= Interlingua dictionaries =

Interlingua dictionaries are bilingual dictionaries intended to aid learners and speakers of the auxiliary language Interlingua. Some of the larger dictionaries are presented here.

The first Interlingua dictionary, titled Interlingua–English: A Dictionary of the International language, is often referred to as the Interlingua–English Dictionary (IED). First published in 1951, the IED still serves as an authoritative reference work, partly because its entries display the etymological connections between words which are often obscured in other languages. The IED was compiled by Alexander Gode and his research staff.

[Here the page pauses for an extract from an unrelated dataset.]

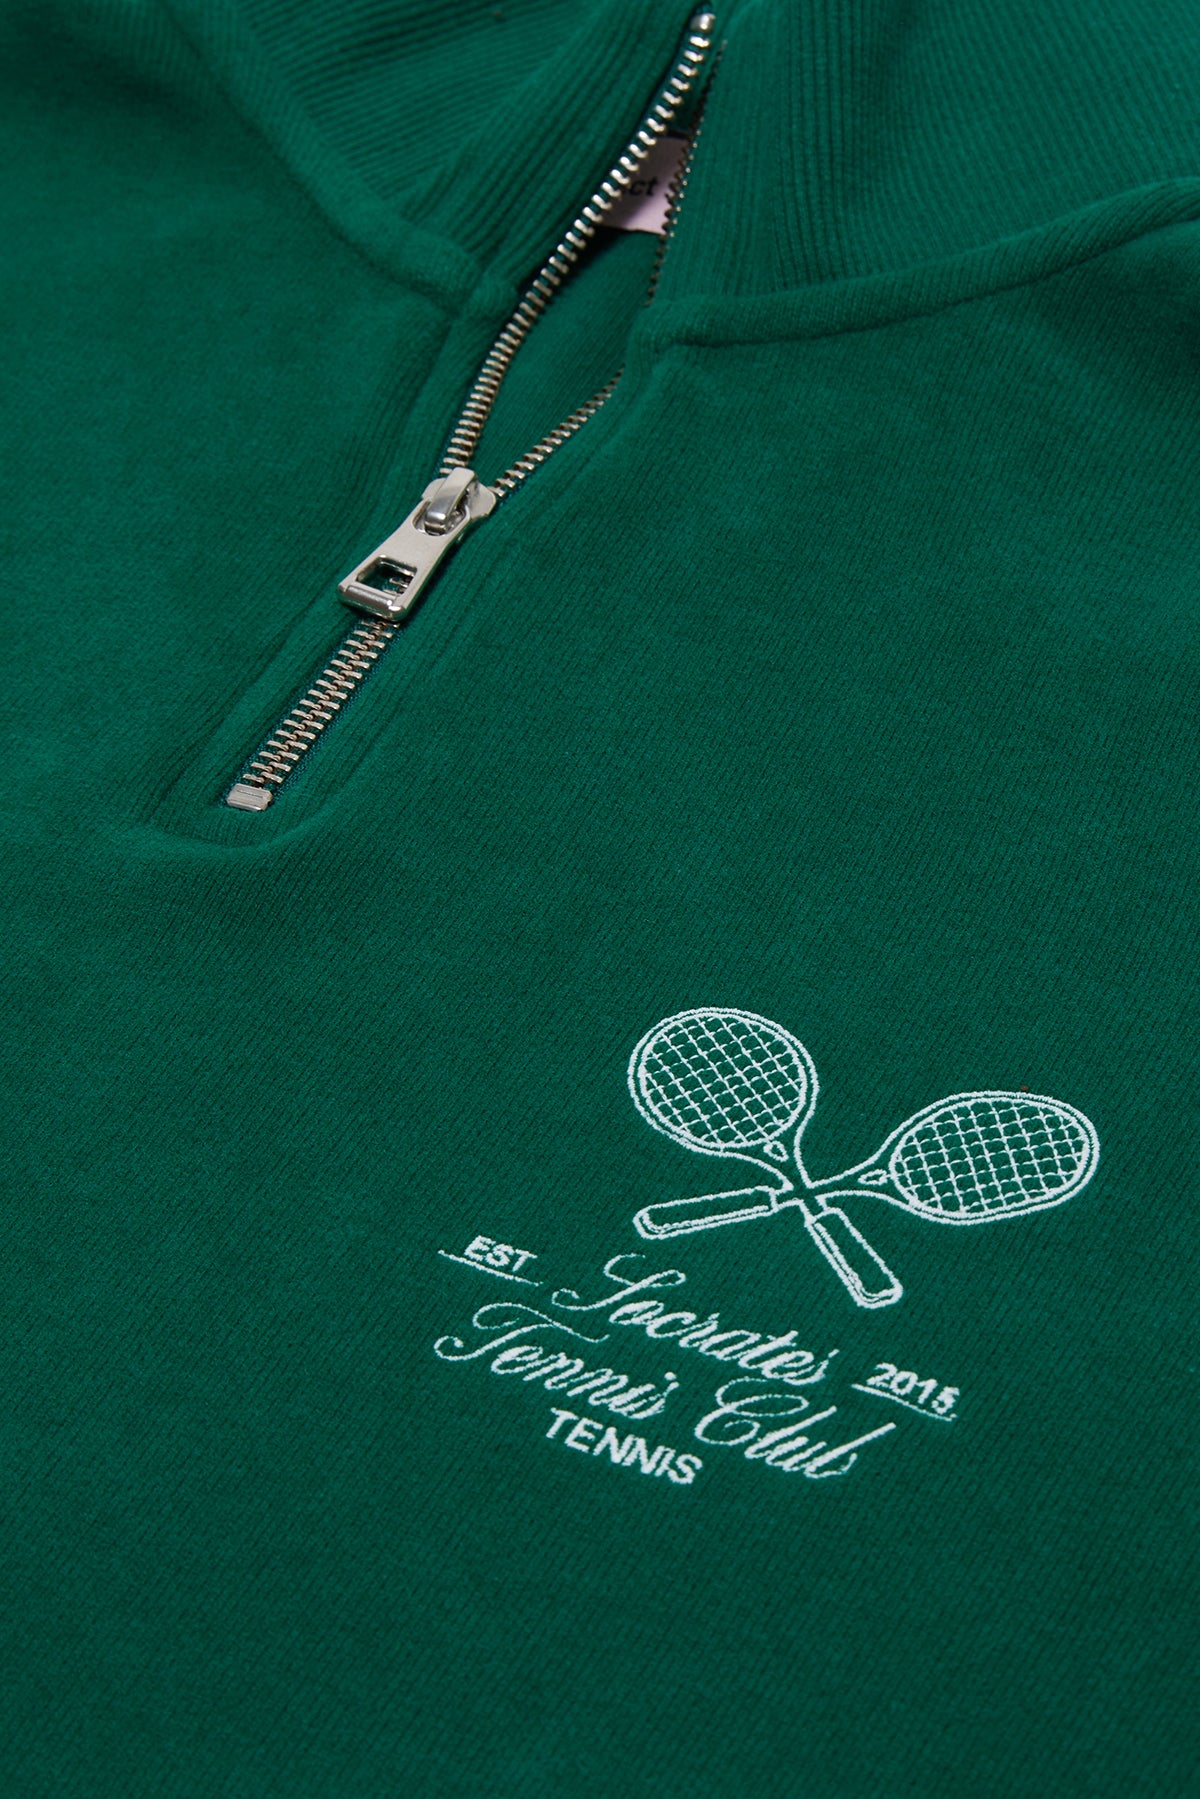 Socrates Tennis Club Super Soft Çeyrek Fermuarlı Sweatshirt - Nefti Yeşil

The 27,000 words of the IED are supplemented by the 25,000-word Supplementary List. While not a full dictionary, the list is a useful adjunct to the IED because many Interlingua words are identical, or nearly identical, to their counterparts in English. Thus, readers who speak English immediately recognize the Interlingua words and have no need for translations. Author Piet Cleij collects the entries during his work on Interlingua dictionaries.

Some other dictionaries include:
- Wörterbuch Deutsch–Interlingua (WDI), a 263-page dictionary with 45,000 to 50,000 entries. It was compiled by André Schild. Schild, the first Secretary General of the Union Mundial pro Interlingua, held this post from 1955 to 1958. A new edition of the WDI was published in 2006.
- Concise English–Interlingua Dictionary, a 382-page work by F. P. Gopsill and Brian C. Sexton
- Dictionario Francese–Interlingua, a 55,000-entry work by Piet Cleij
- Dicionário Português–Interlíngua, by Euclides Bordignon, with 330 pages and about 30,000 entries
- Svensk–Interlingua Ordbok, a Swedish–Interlingua dictionary with 90,000 entries. Written by Pian Boalt, it appears in paper and in electronic formats at Softbear and Babylon
- Woordenboek Interlingua–Nederlands, an Interlingua–Dutch dictionary by Piet Cleij with 50,000 entries, in paper and in electronic format at Softbear
  - Woordenboek Nederlands–Interlingua, a Dutch–Interlingua dictionary by Piet Cleij with more than 140,000 entries

Many Interlingua dictionaries are available online at the Babylon lingual website. In 2001, Panorama in Interlingua reported that Babylon was distributing the Interlingua–English Dictionary, by download or subscription, at an average rate of 846 issues a day.